Items from a dataset:
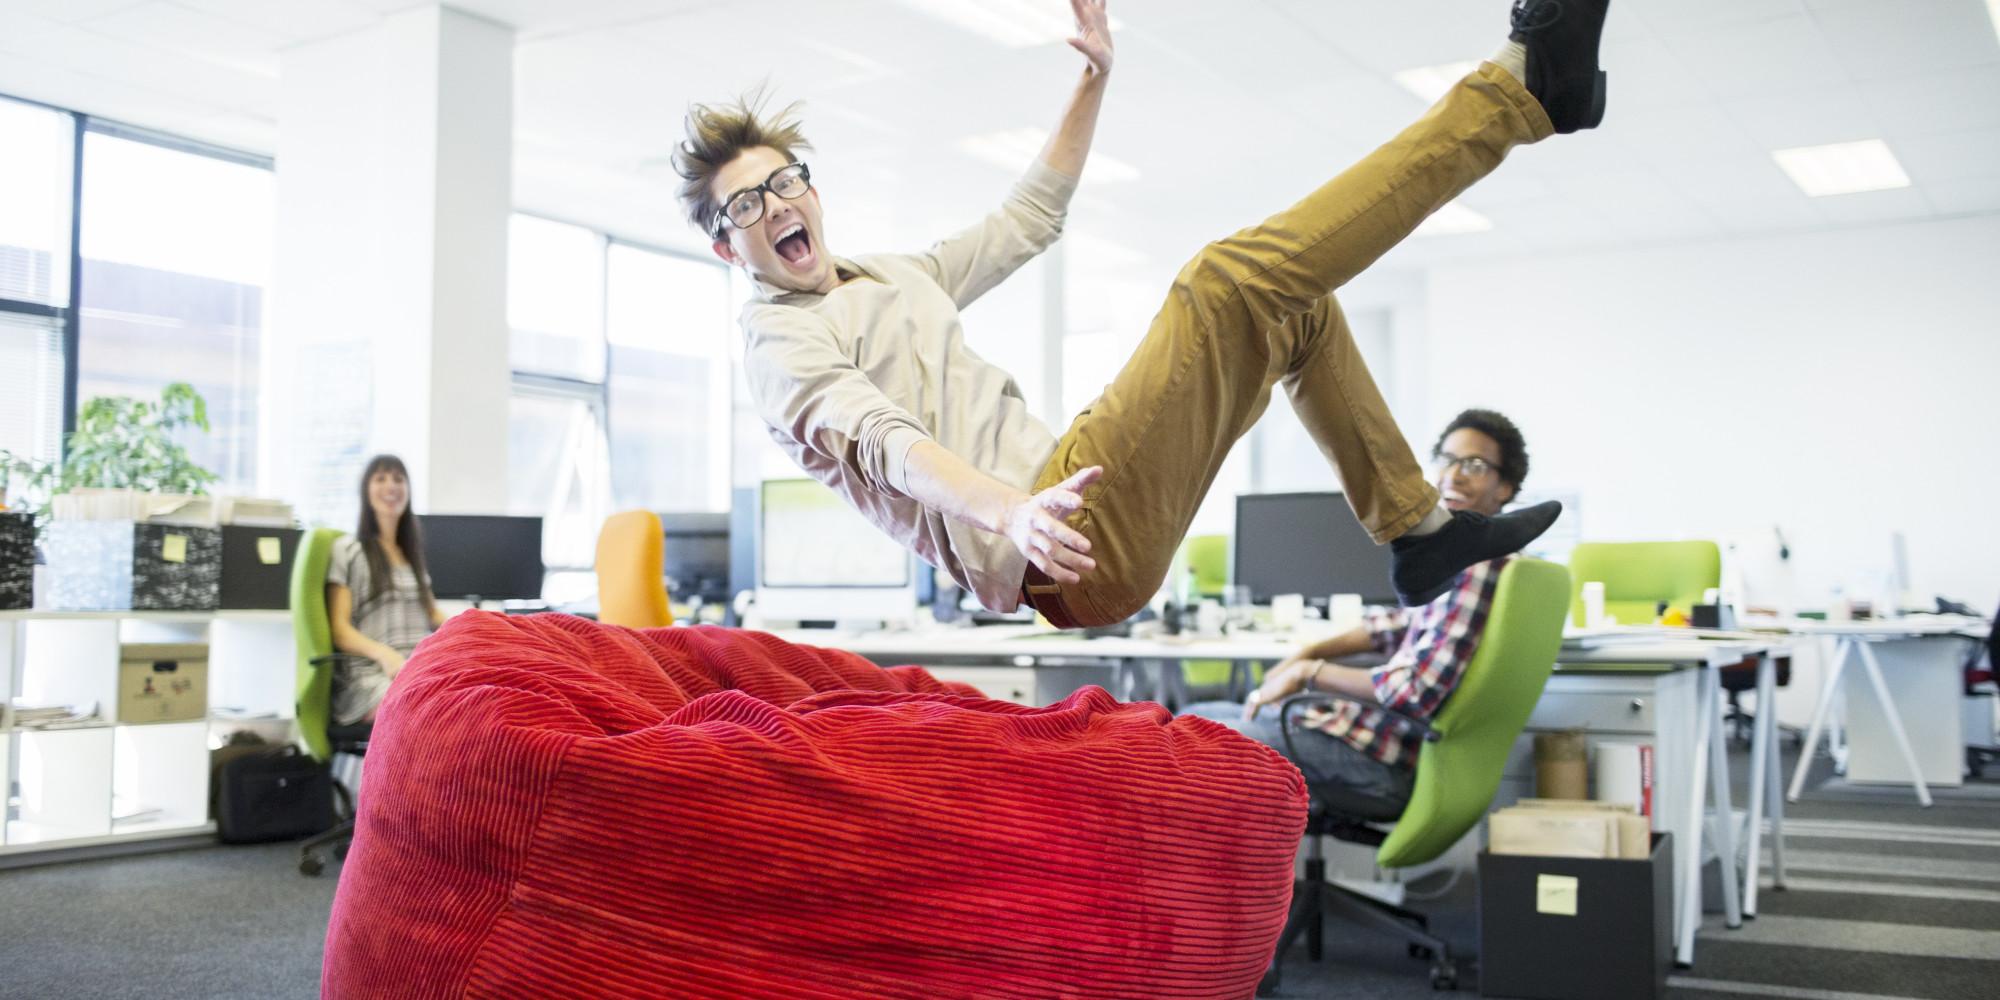 Смешные картинки в офисе
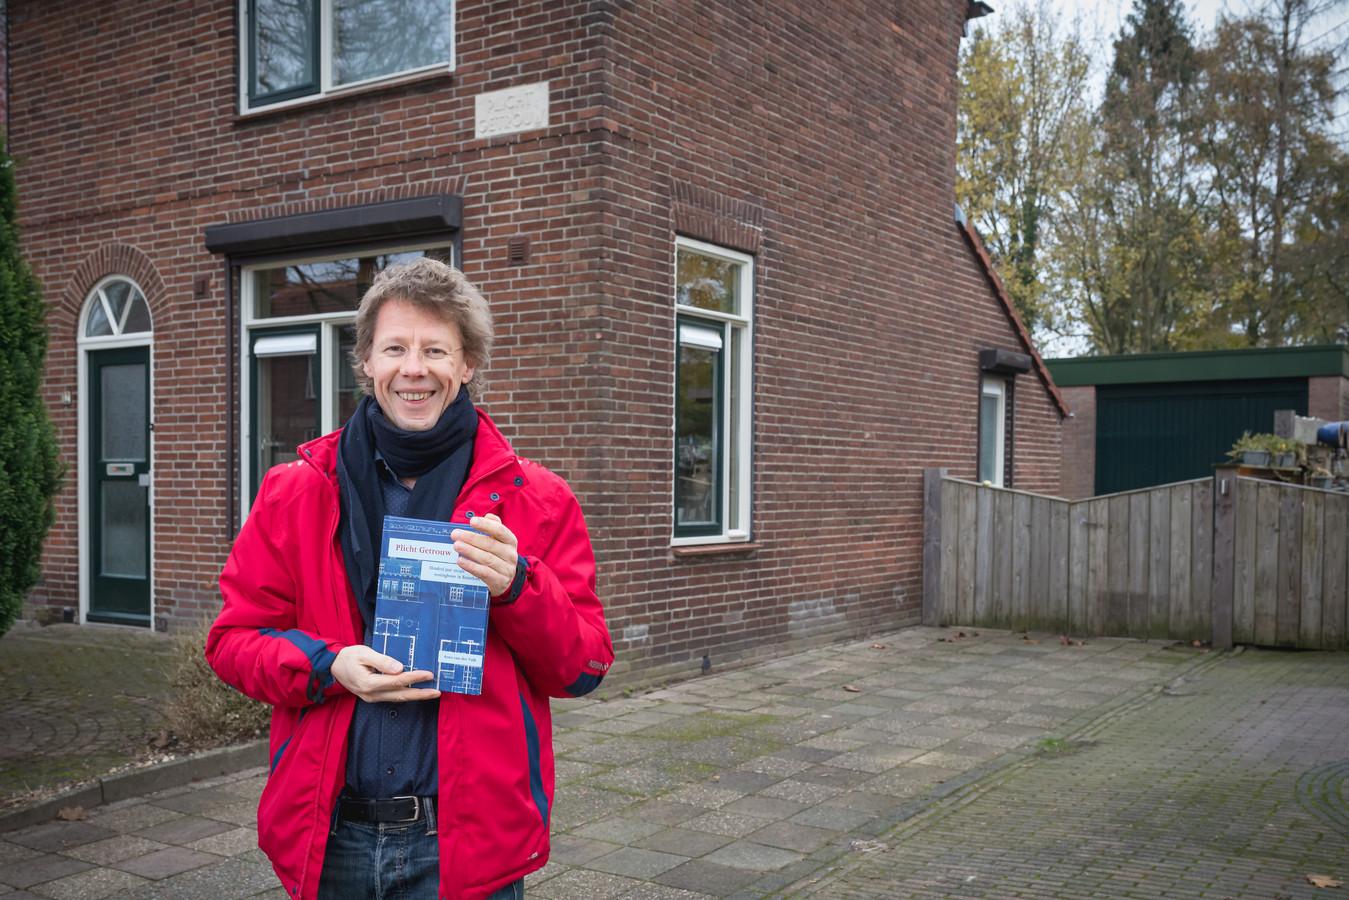 """Arno van der Valk met zijn boek over Plicht Getrouw. ,,Dat eigenzinnige vind ik wel charmant."""""""
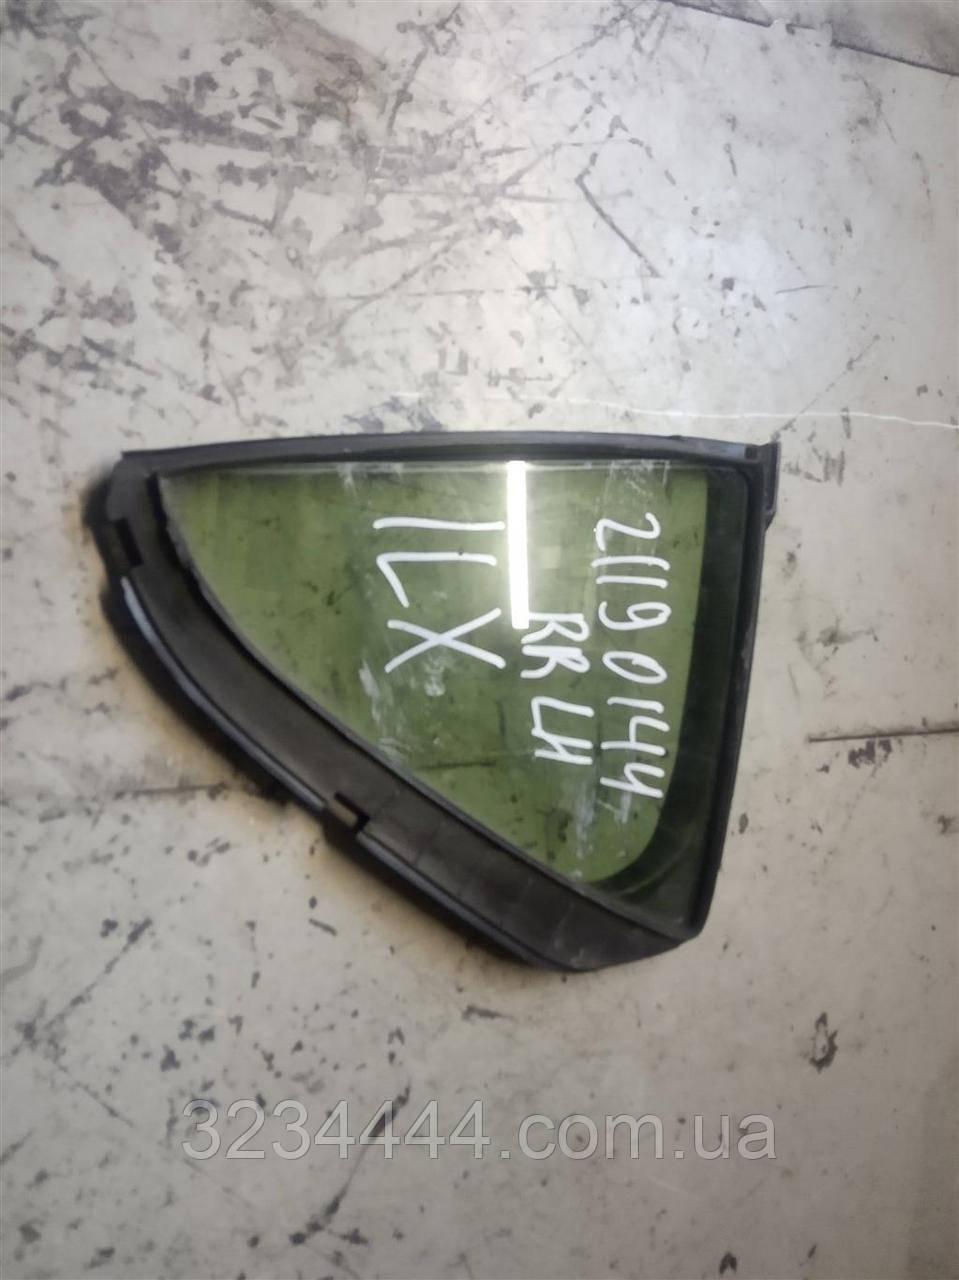 Стекло дверное глухое RL заднее левое ACURA  ILX 12-16
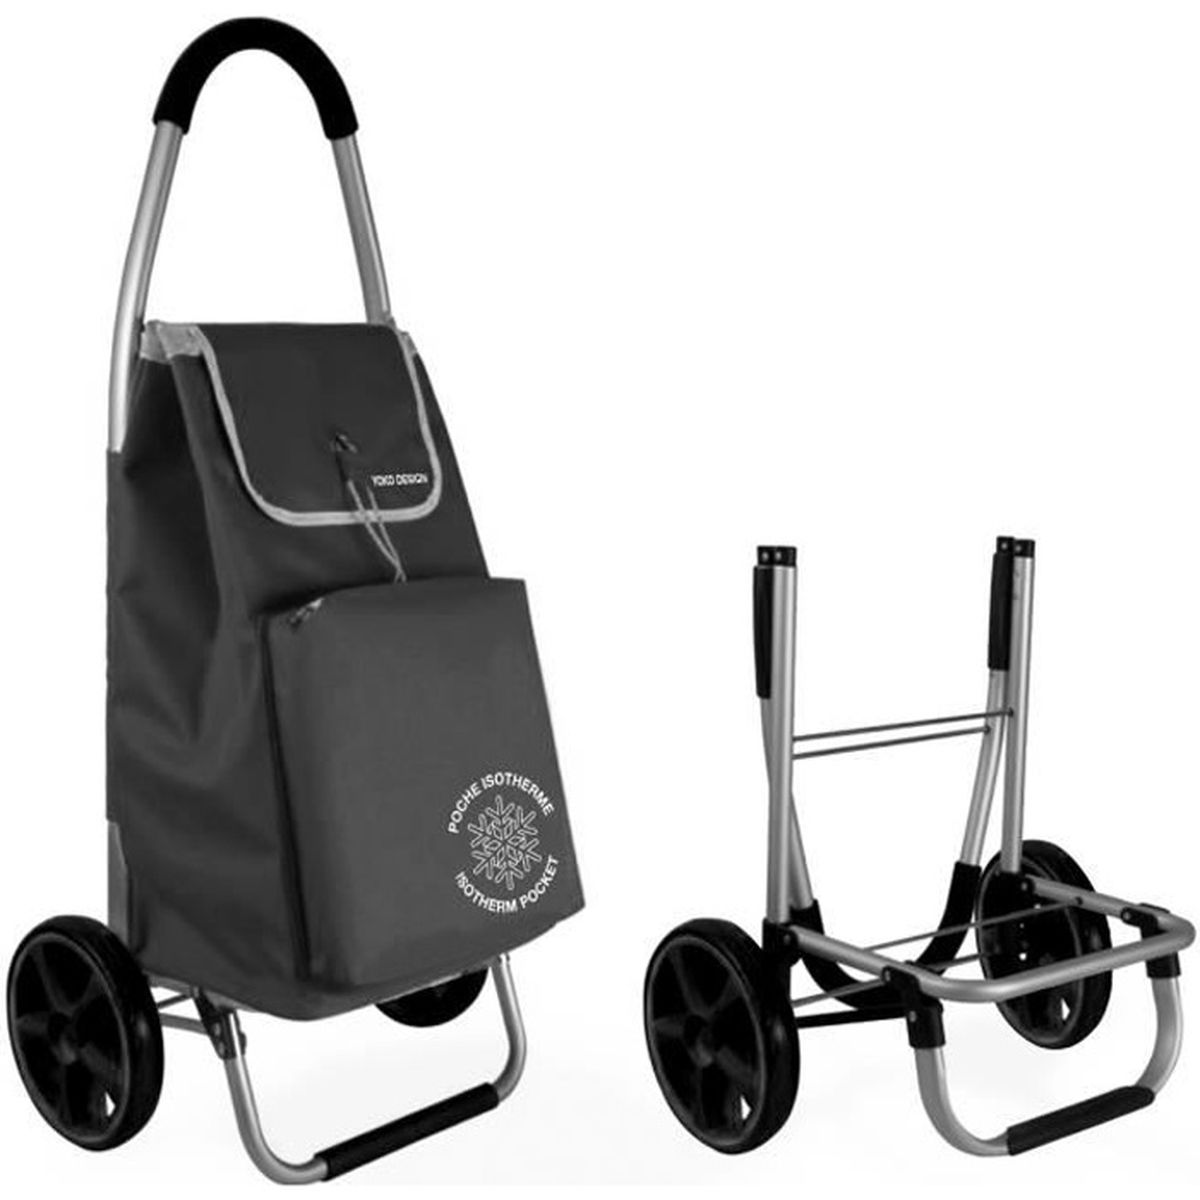 chariot de course isotherme achat vente chariot de course isotherme pas cher soldes d s. Black Bedroom Furniture Sets. Home Design Ideas
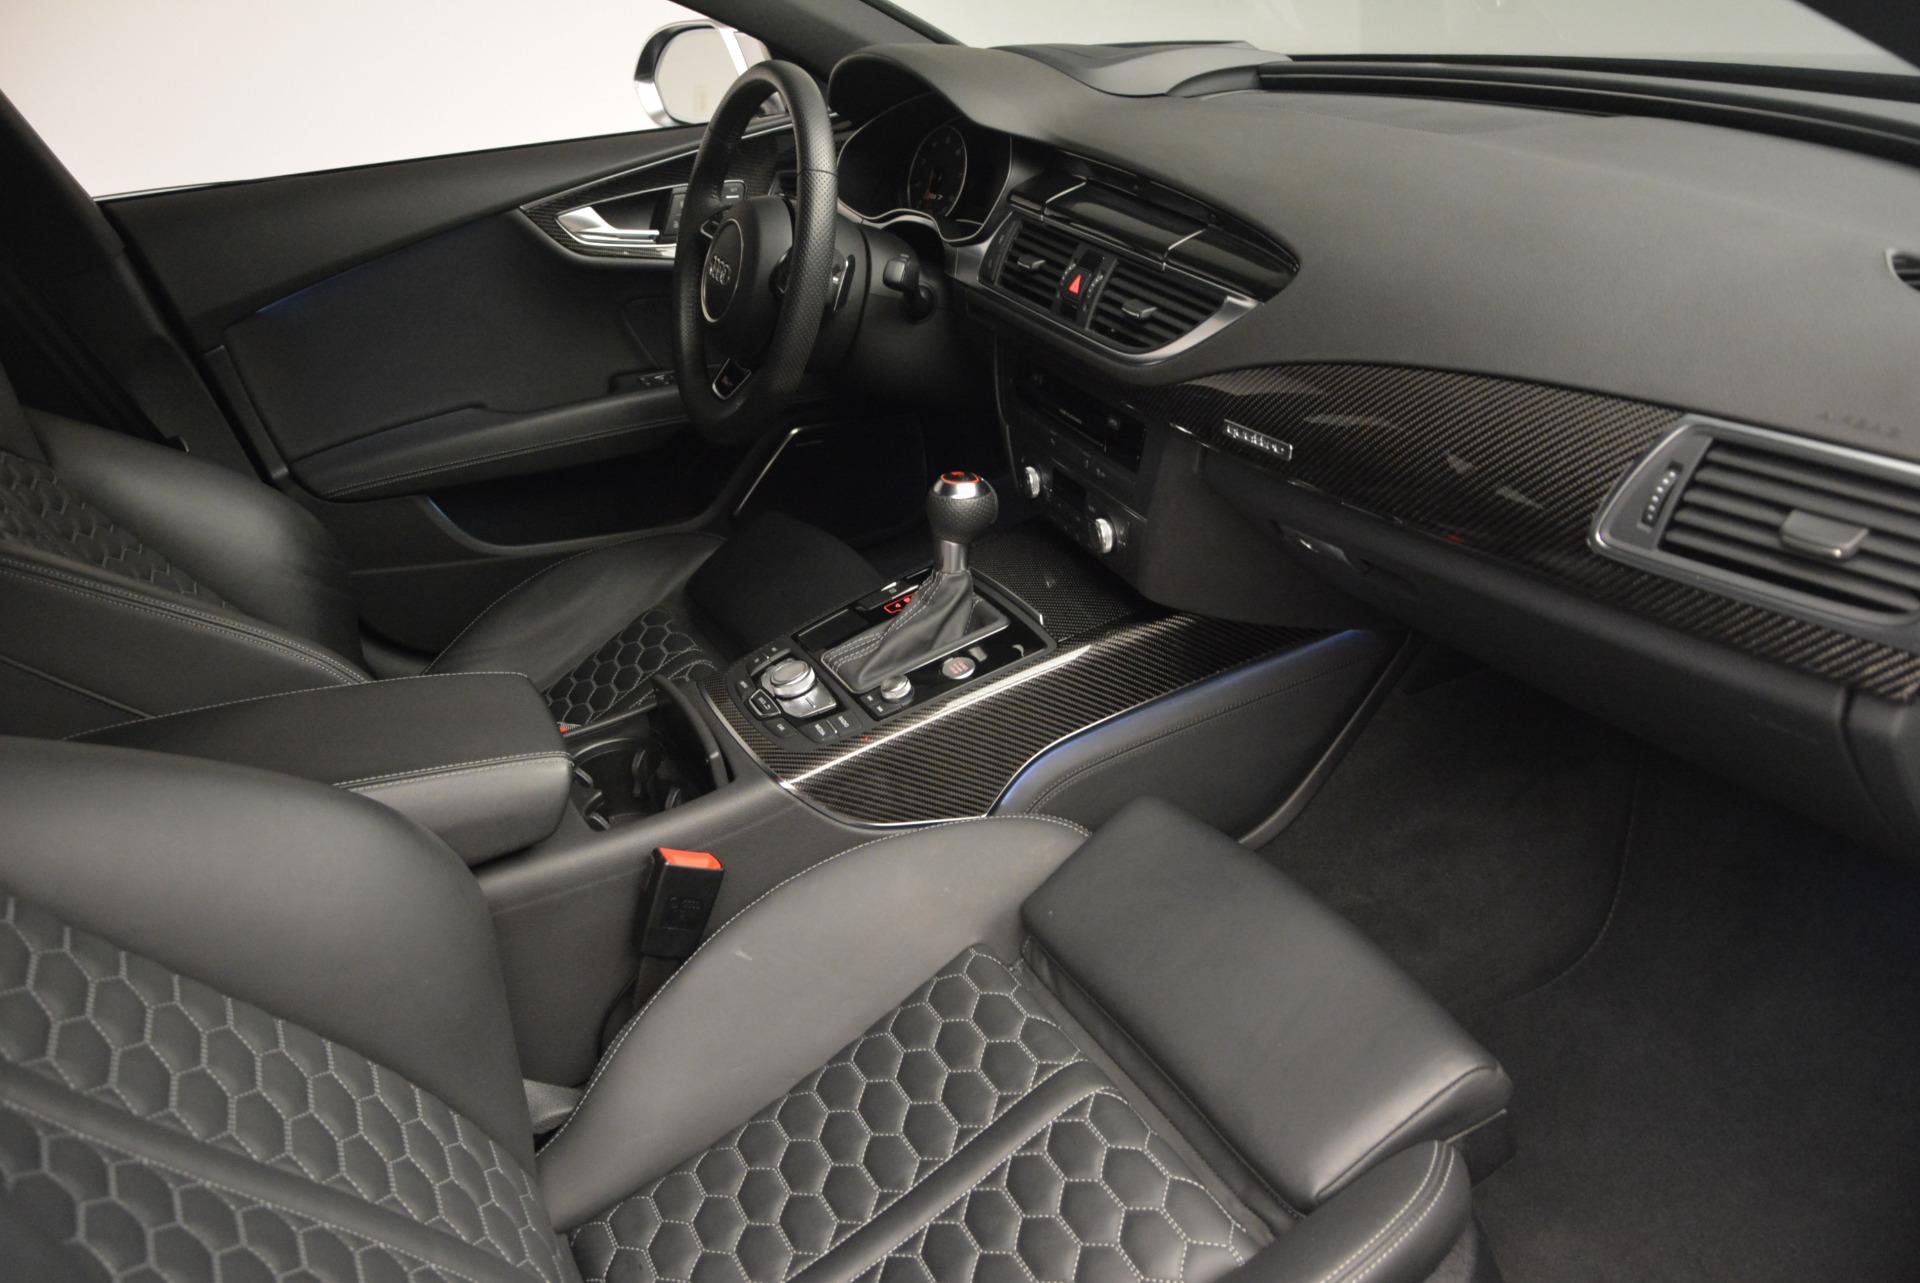 Used 2014 Audi RS 7 4.0T quattro Prestige For Sale In Westport, CT 707_p23

EXERCISE DIRECTIONS: Write the entries above out in full, exactly, with no images.

RESPONSE:
 Смешные картинки в офисе
 """Arno van der Valk met zijn boek over Plicht Getrouw. ,,Dat eigenzinnige vind ik wel charmant."""""""
 Стекло дверное глухое RL заднее левое ACURA  ILX 12-16
 chariot de course isotherme achat vente chariot de course isotherme pas cher soldes d s. Black Bedroom Furniture Sets. Home Design Ideas
 Used 2014 Audi RS 7 4.0T quattro Prestige For Sale In Westport, CT 707_p23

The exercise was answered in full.